• Listed entries:
>>>>>
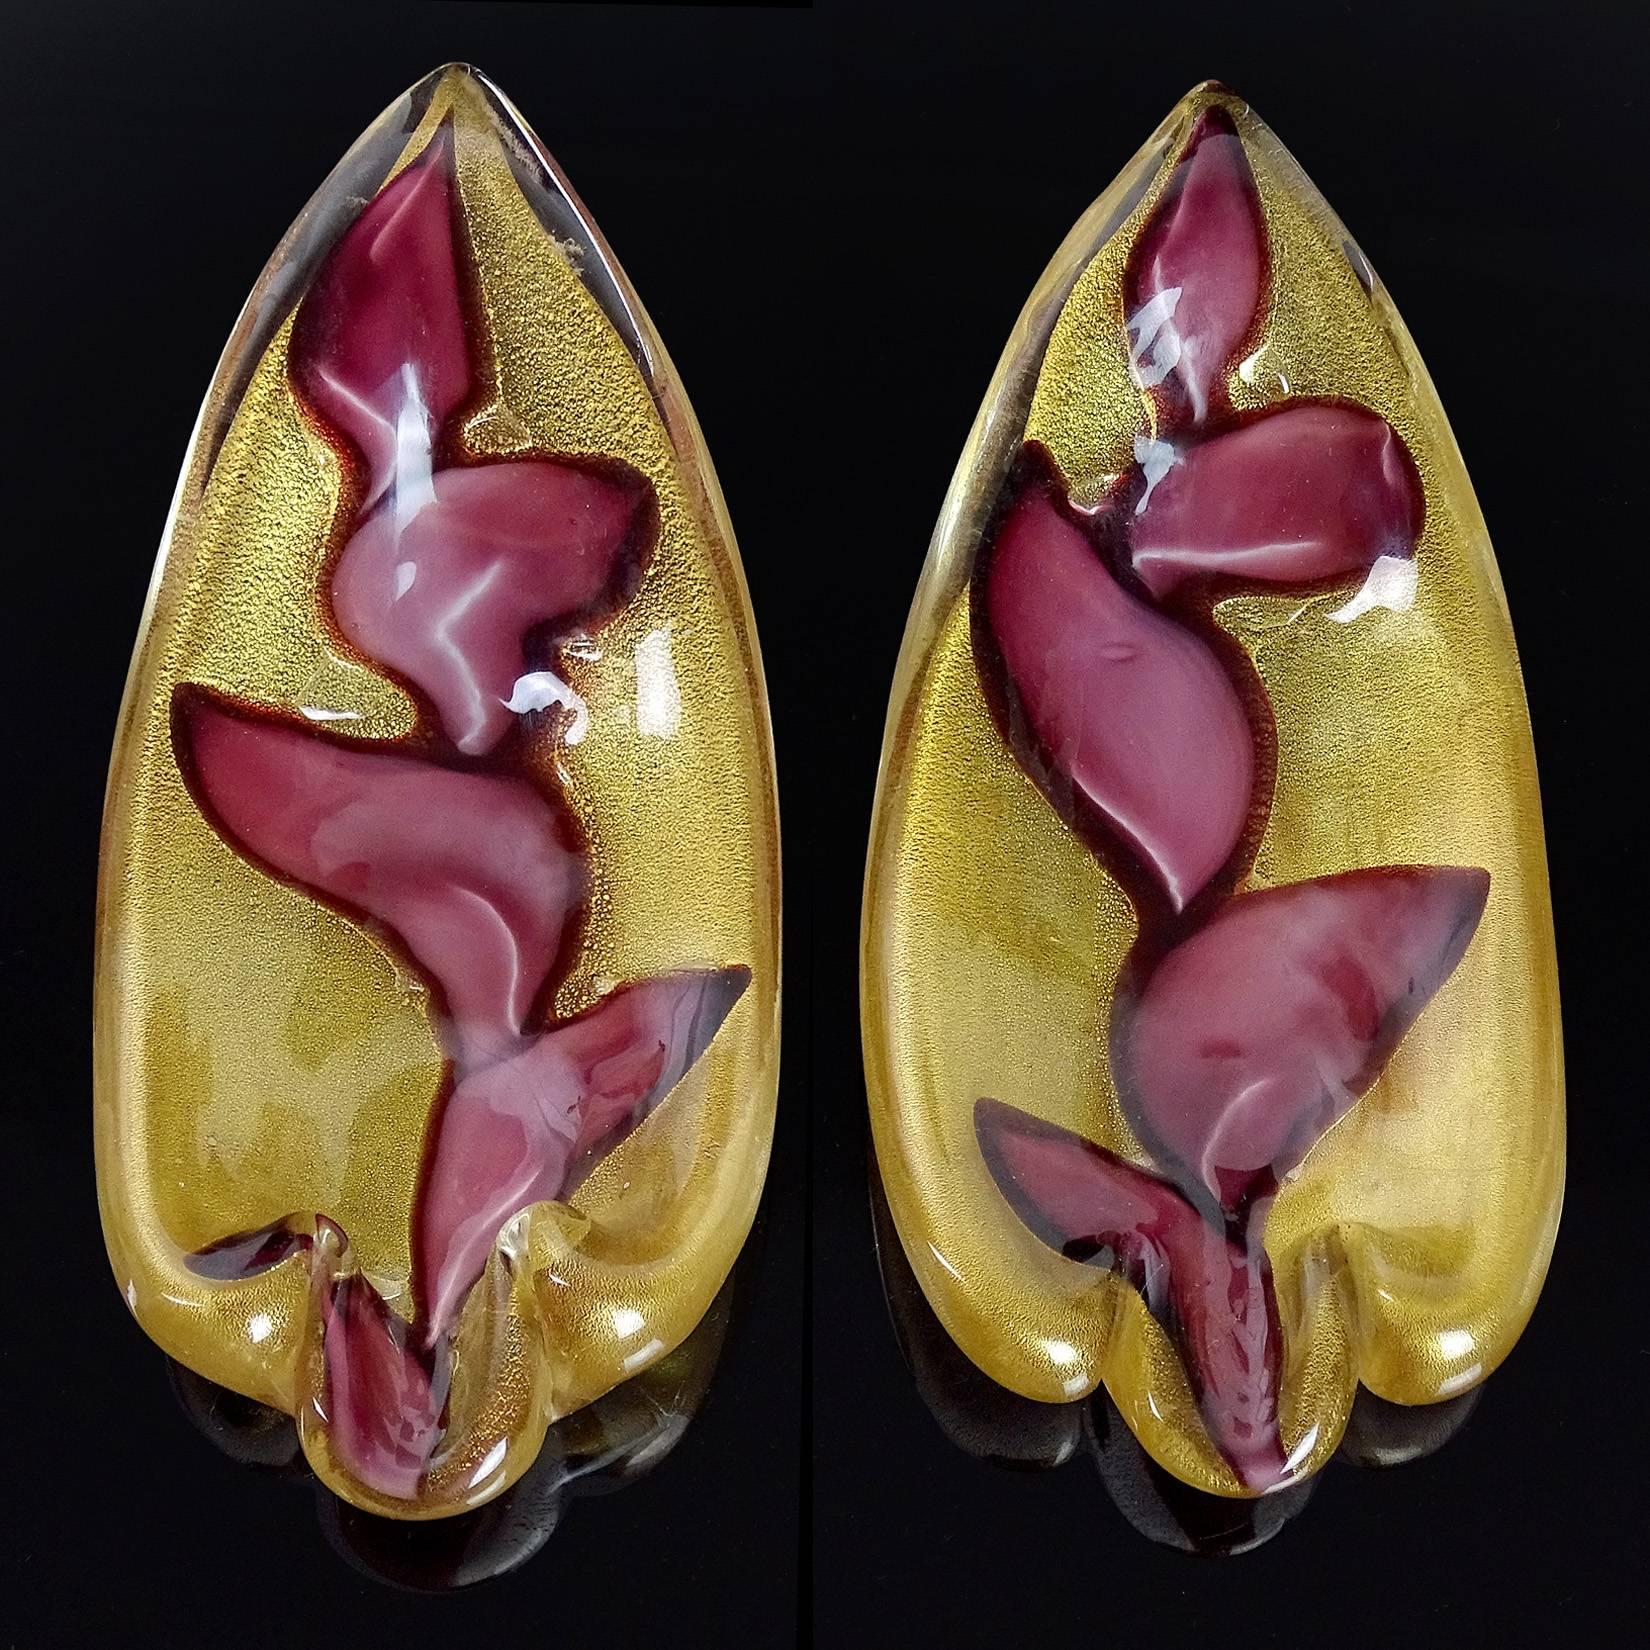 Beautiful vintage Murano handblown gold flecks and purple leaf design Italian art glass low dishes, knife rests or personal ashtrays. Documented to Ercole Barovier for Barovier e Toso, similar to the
<<<<<
>>>>>
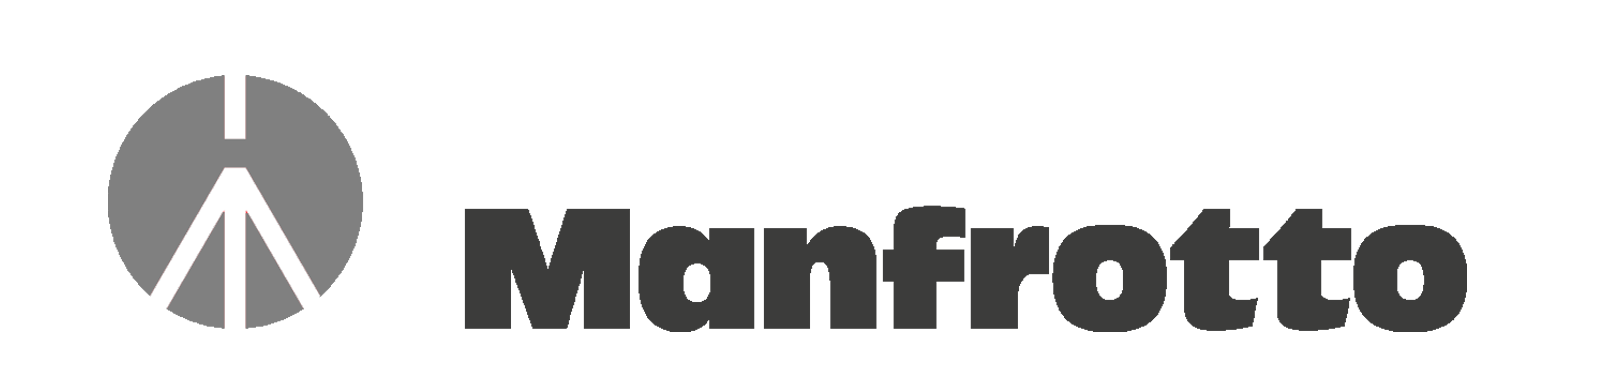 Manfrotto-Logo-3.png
<<<<<
>>>>>
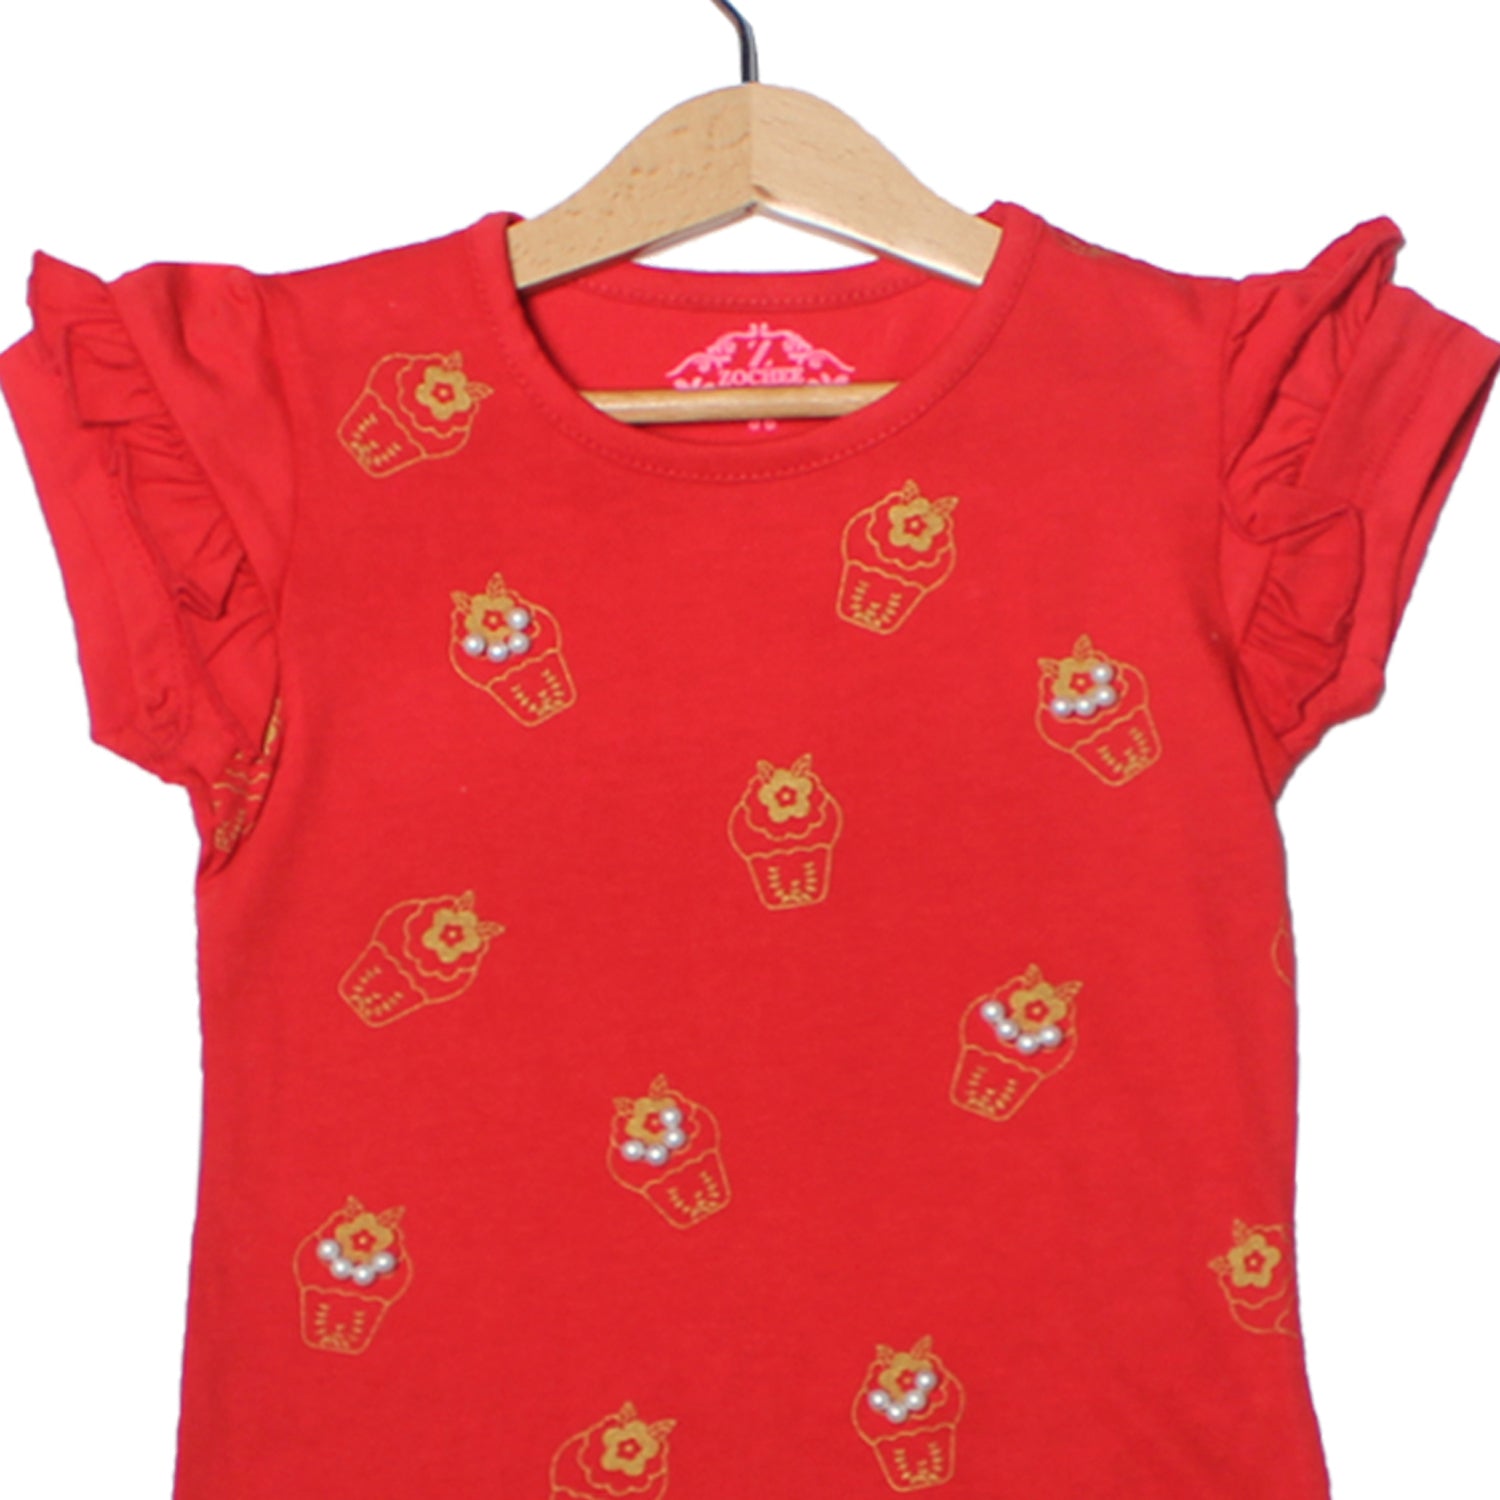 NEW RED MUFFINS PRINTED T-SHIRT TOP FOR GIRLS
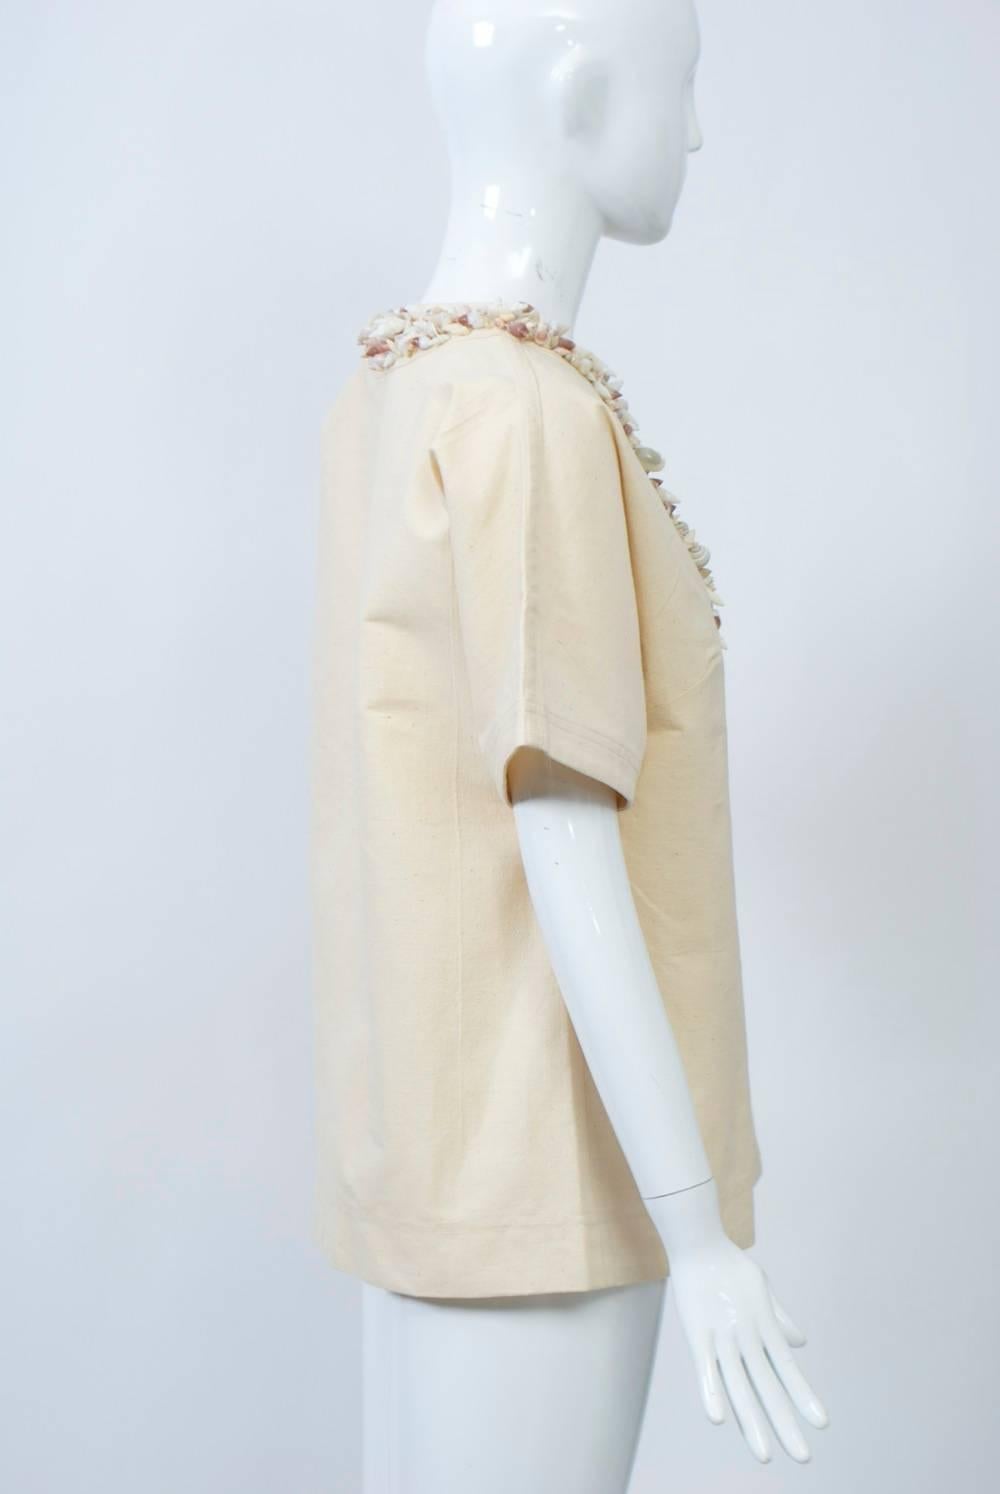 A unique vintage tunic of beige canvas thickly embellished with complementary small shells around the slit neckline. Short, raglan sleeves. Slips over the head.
<<<<<
• About this task: Pictures excluded, transcribe the listing above exactly from the line with "NEW RED MUFFINS" through the line with "A unique vintage", and no further.

• Task response:
 NEW RED MUFFINS PRINTED T-SHIRT TOP FOR GIRLS
 A unique vintage tunic of beige canvas thickly embellished with complementary small shells around the slit neckline. Short, raglan sleeves. Slips over the head.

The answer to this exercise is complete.